I agree with this idea, but you would have to find someone willing to part with the technology. Though I would love it if there was a supply of new SGI Octane parts coming.

Although it is expensive the Talos Secure Workstation that uses POWER, might be a more likely consideration.


----------



## forquare (May 14, 2016)

I'm not sure how complete it is, but I suppose if you picked up something _like_ OpenSparc then all you would need is a fabricator…


----------



## kpedersen (May 17, 2016)

Hmm, yeah, one day it would be really great if the tools were readily available for everyone to fabricate your own chips based on specs like SPARC and POWER.

It really seems to be necessary since even very basic but popular hardware like the Raspberry PI A+ is extremely hard to track down from within the UK nowadays which seems to completely go against what so called "open" hardware is for. Everyone has moved onto the Raspberry PI 3 even though it kinda tries to solve a different problem. (Note that I have very little interest in the Raspberry PI, its just an good example of non-intel hardware that people can actually buy).


----------



## sossego (May 20, 2016)

In the presentation of the hypothesis, you must be certain that your observation has been from different co-ordinates on a geological, metaphysical, and social scales. That the application of such a device would be designed  such that the processor and instructions near perfectly fit the utilization of the computational device, would be the same as to reason the average person has enough sense to tell the difference between his arse and a hole in the ground is quite preposterous.
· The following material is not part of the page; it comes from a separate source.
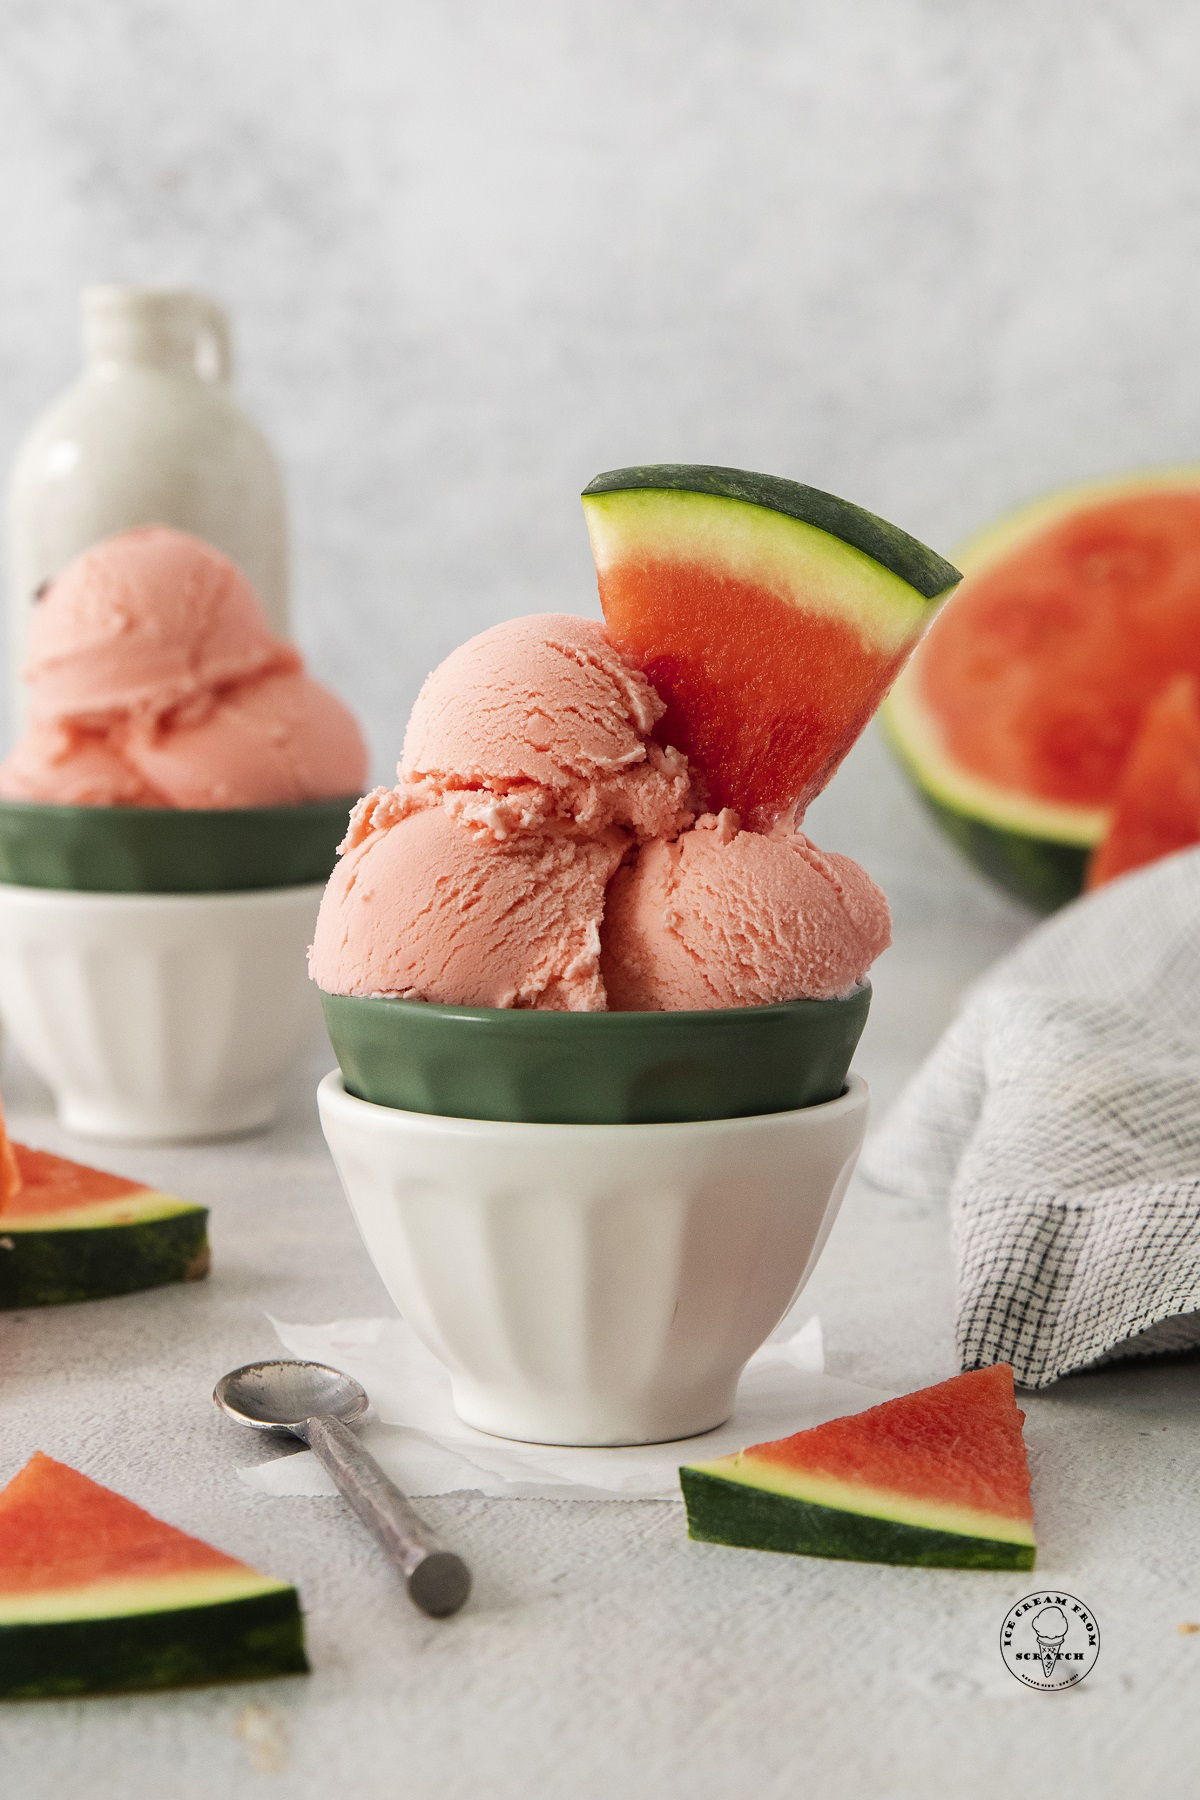 a ceramic bowl filled with scoops of homemade watermelon ice cream. Wedges of fresh watermelon are used as a garnish.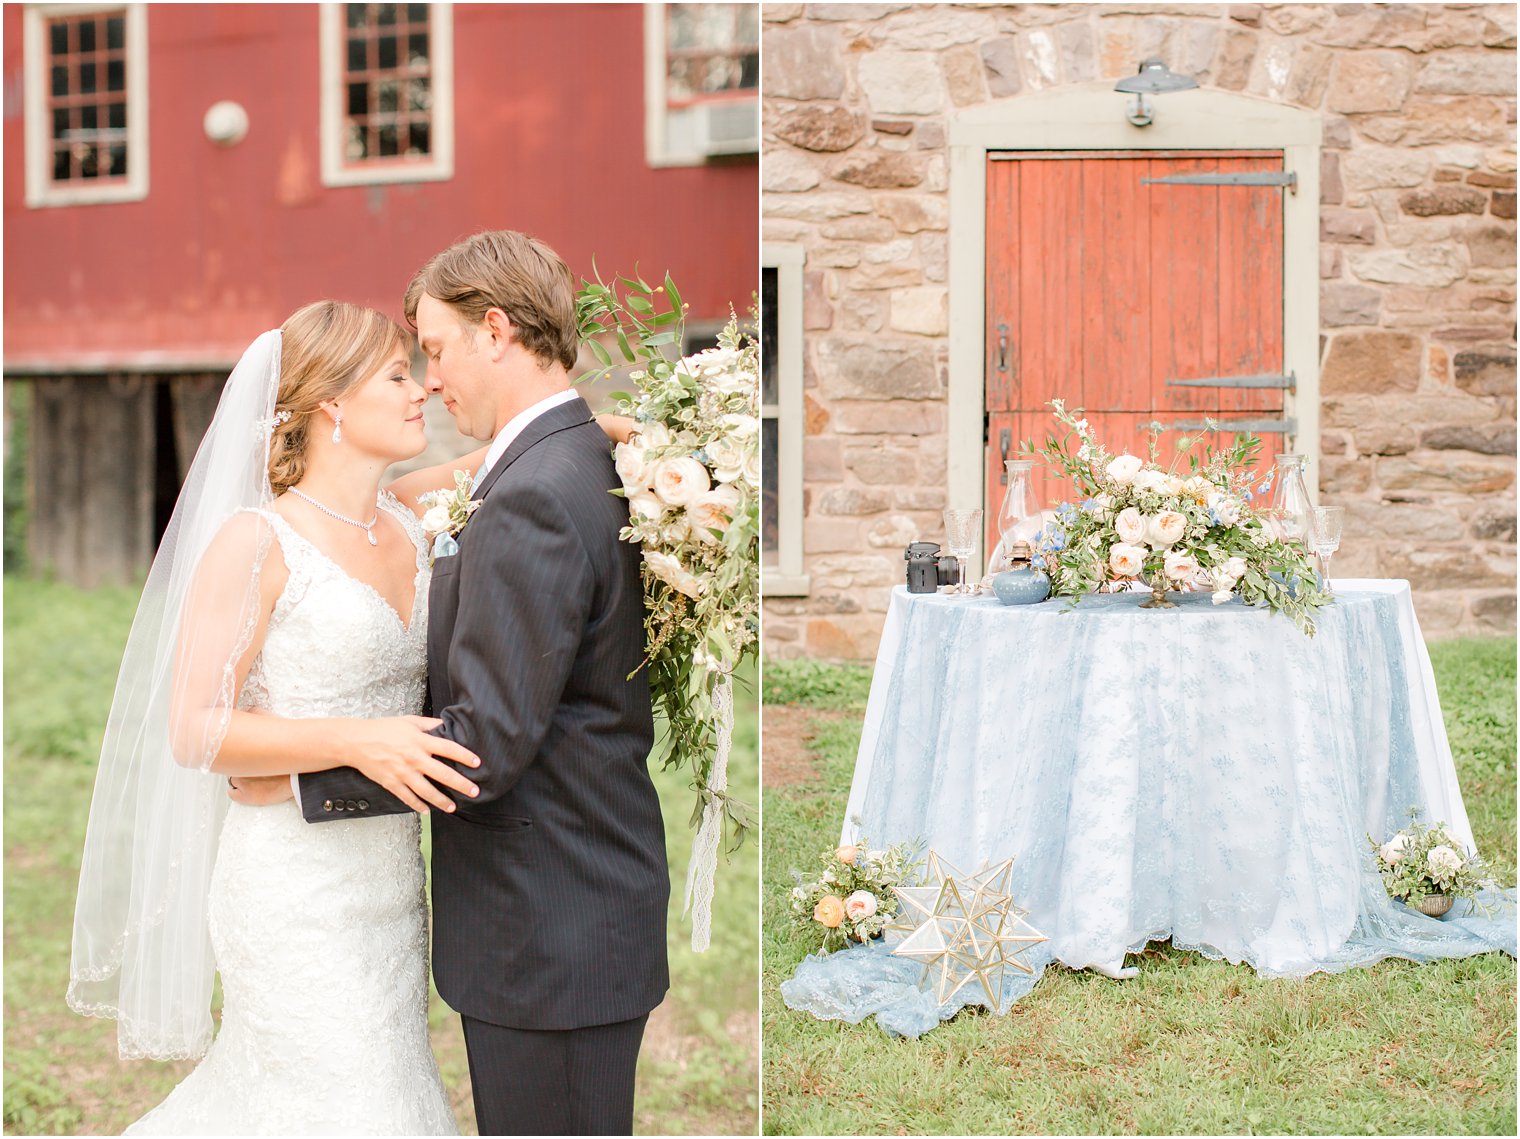 Prallsville Mills Wedding Editorial photographed by Idalia Photography

People don't care and they make assumptions for their mistakes.  The standard person will just follow the herd without questioning the beginnings and reasons for any actions. 
The same attitude exists within the community of developers:: It is not those who have the abilities to create; but, those who have the ability to purchase such items. Therefore, the flow and development is dragged along by the purse strings of the investors.

In the case of the Raspberry PI, people wanted something different.

I digress a bit here.


----------



## SirDice (Jun 1, 2016)

kpedersen said:


> I.e if I really needed to run Microsoft Money 97 or Lotus-123, rather than emulation, I could just buy one of these brand new machines and run the software natively and bug free (for software at that time .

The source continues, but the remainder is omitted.